I align myself with the extract above.

16. I am mindful of the various decisions and the approach to be adopted when dealing with cases involving the prescribed minimum sentence. Even so, a court may be satisfied that substantial and compelling circumstances exist which justifies the imposition of a lesser sentence than the prescribed minimum sentence. In that case these must be entered on the record and clearly a lesser sentence will be imposed. To this end I refer to S v MALGAS 2001 (1) SACR 469 SCA at 18. I concede that the prescribed sentence should not be departed from lightly and that one should weigh up all the traditional relevant considerations pertaining to sentence and look at the factors of a particular case cumulatively before one deviates from the prescribed sentence.


17. Having considered the argument advanced and the facts of the matter at hand I am of the view that this court is in a position to exercise its discretion and interfere with the sentence so imposed by the trial court. The appellant is regarded as a first offender for purposes of these offences, is still young and rehabilitation could change his life around, the previous conviction is ten (10) years old and since then he did not have an encounter with the law. In my mind these weigh in the appellants favour, as he is clearly rehabilitative.

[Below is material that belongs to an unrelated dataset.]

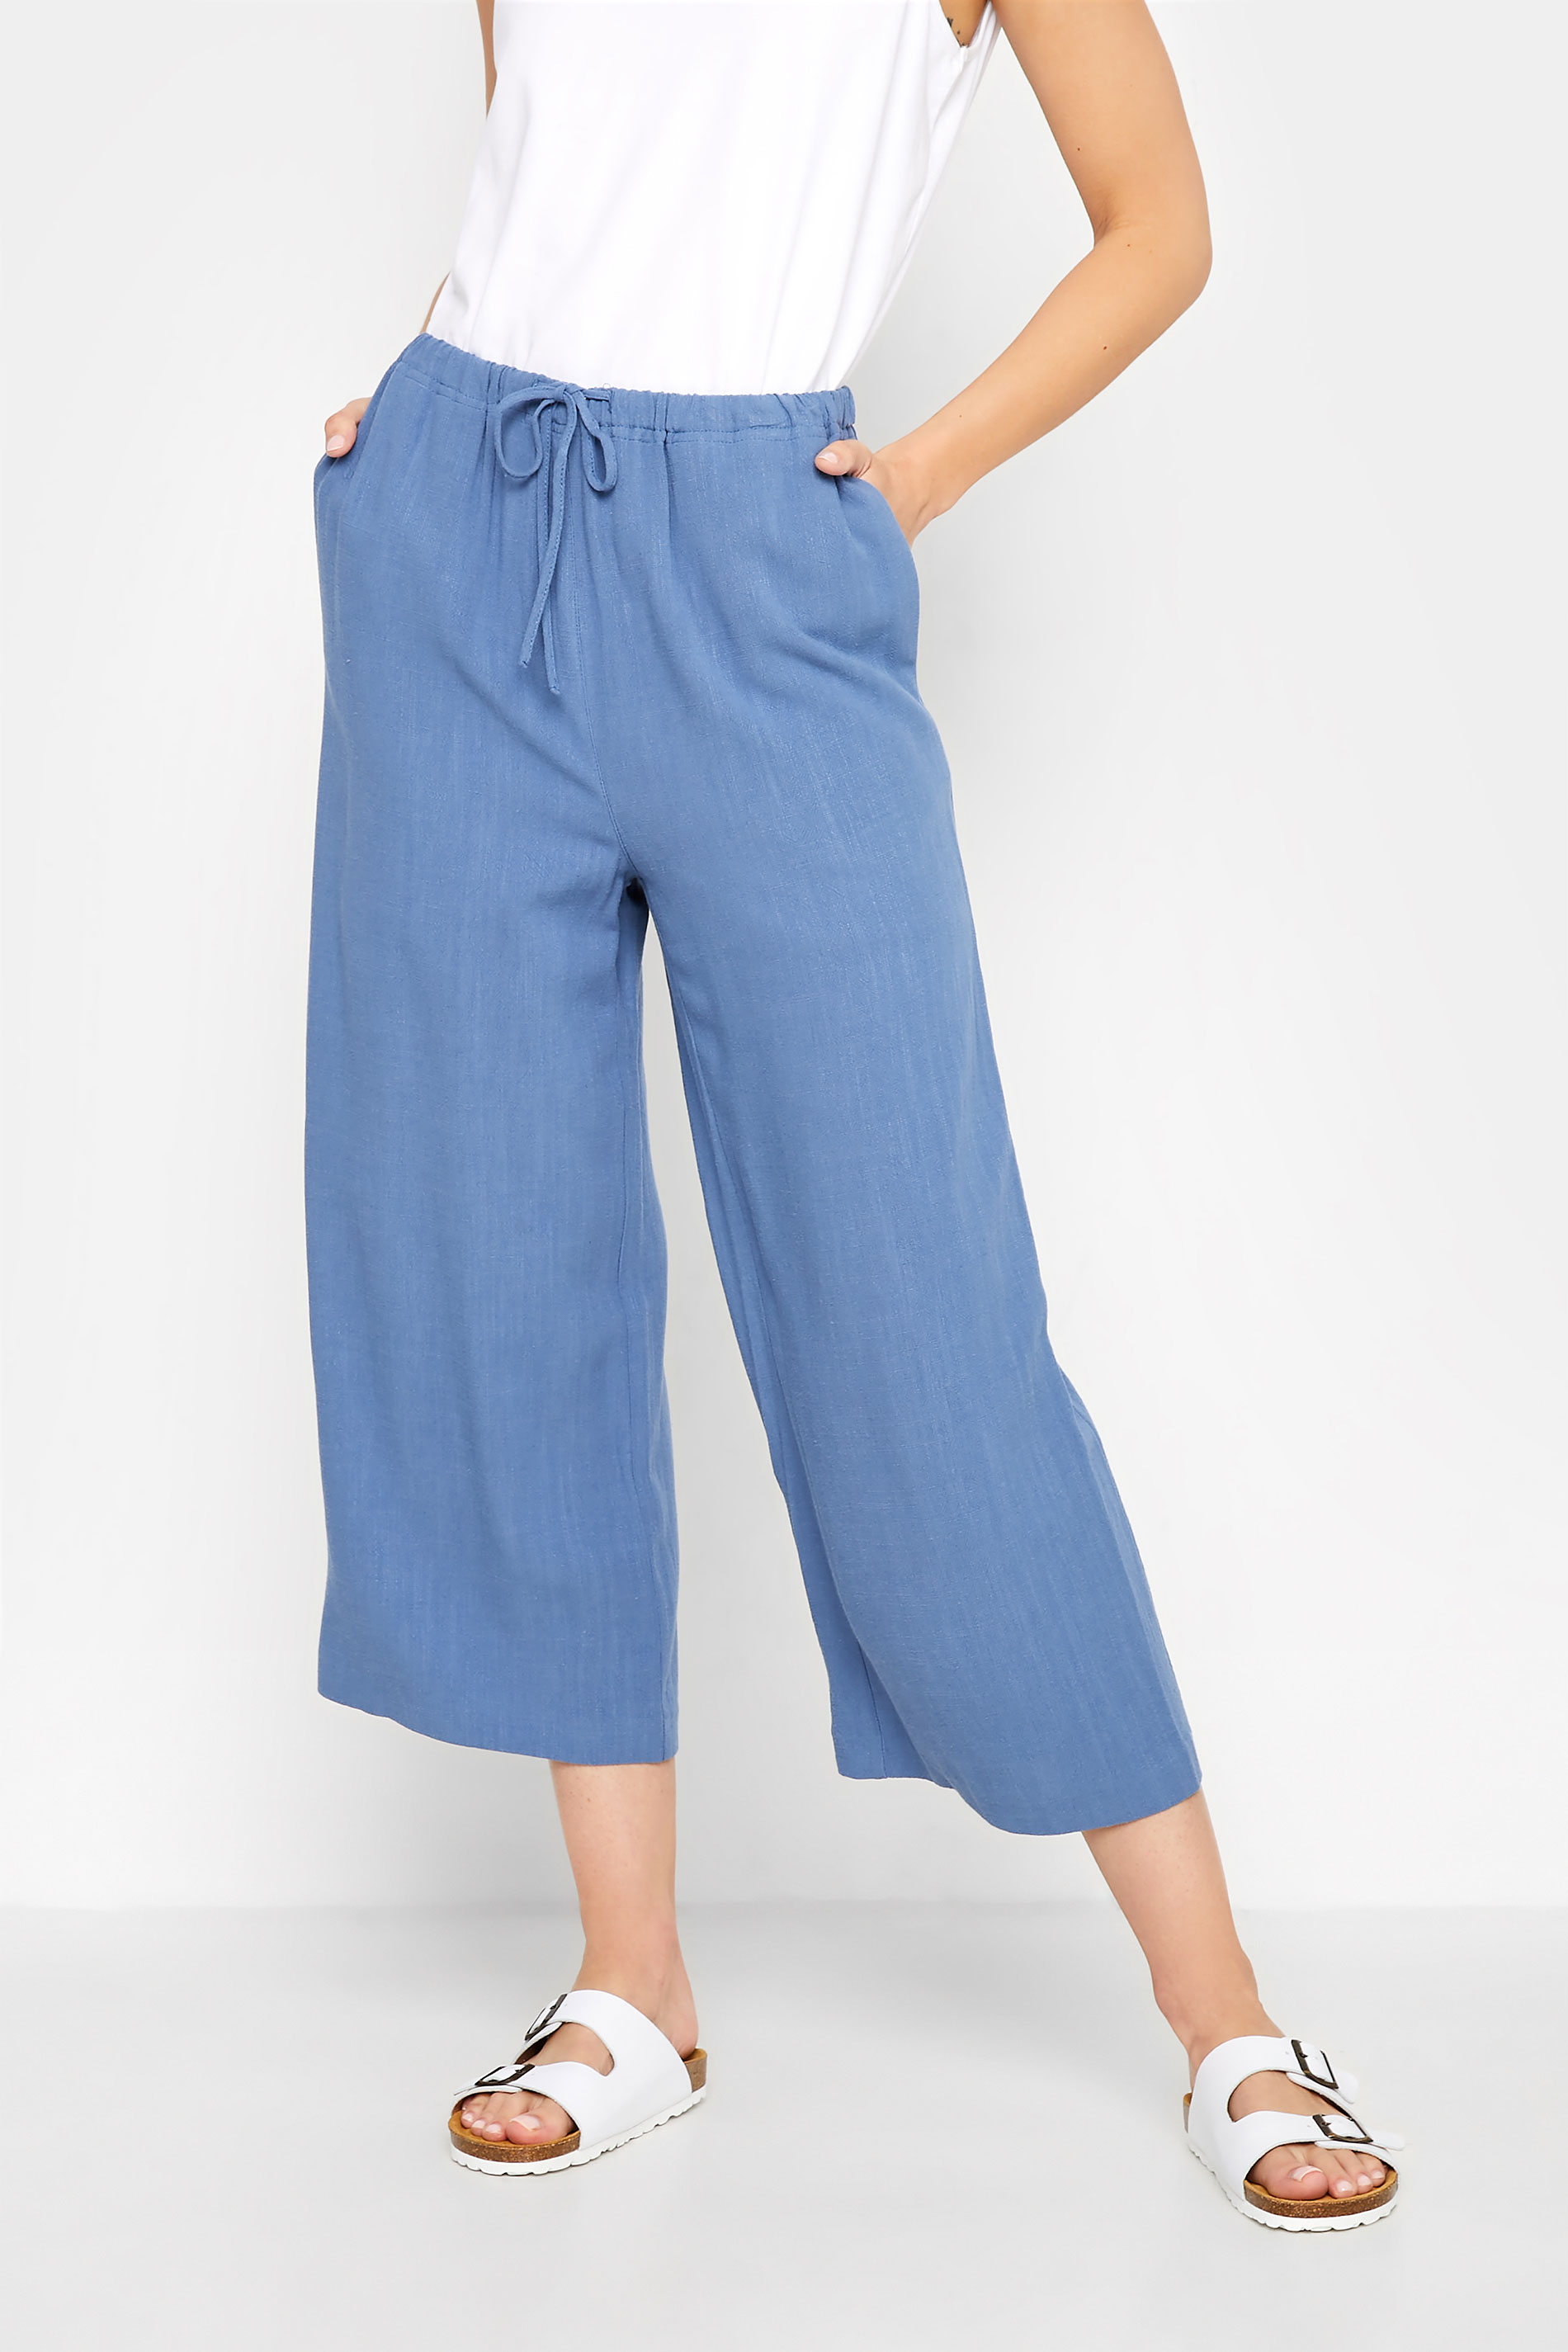 LTS Tall Women's Blue Linen Blend Cropped Trousers | Long Tall Sally  1

18. In the circumstances I agree with the arguments advanced by the respondent and as a consequence I make the following order:

18.1. The charge set out in count 1 is amended to read "House breaking with intent to commit robbery".

18.2. The appeal in respect of the convictions as regards count 1 and 2 is dismissed.

18.3. The appeal against sentence of all three counts succeeds and is replaced with that which appears below:

18.3.1. Count 1 and 2 will be treated as one count for purposes of sentence. In respect of count 1 and 2 the accused is sentenced to ten (10) years imprisonment.

18.3.2. Count 3 the accused is sentenced to fifteen (15) years imprisonment.

18.3.3. Five (5) years of the sentence imposed for count 1 and 2 will run concurrent with sentence imposed in count 3.

18.3. The accused will serve an effective 20 years imprisonment and in terms of Section 282 of the Criminal Procedure Act 51 of 1977 the sentence is antedated to the 19th July 2010.


W. HUGHES

Acting Judge of the High Court

I Agree;


M. J. TEFFO

Judge of the High Court

Delivered on: 04 February 2013 Heard on: 28 January 2013


Attorney for the Appellant: Pretoria Justice Centre Pretoria.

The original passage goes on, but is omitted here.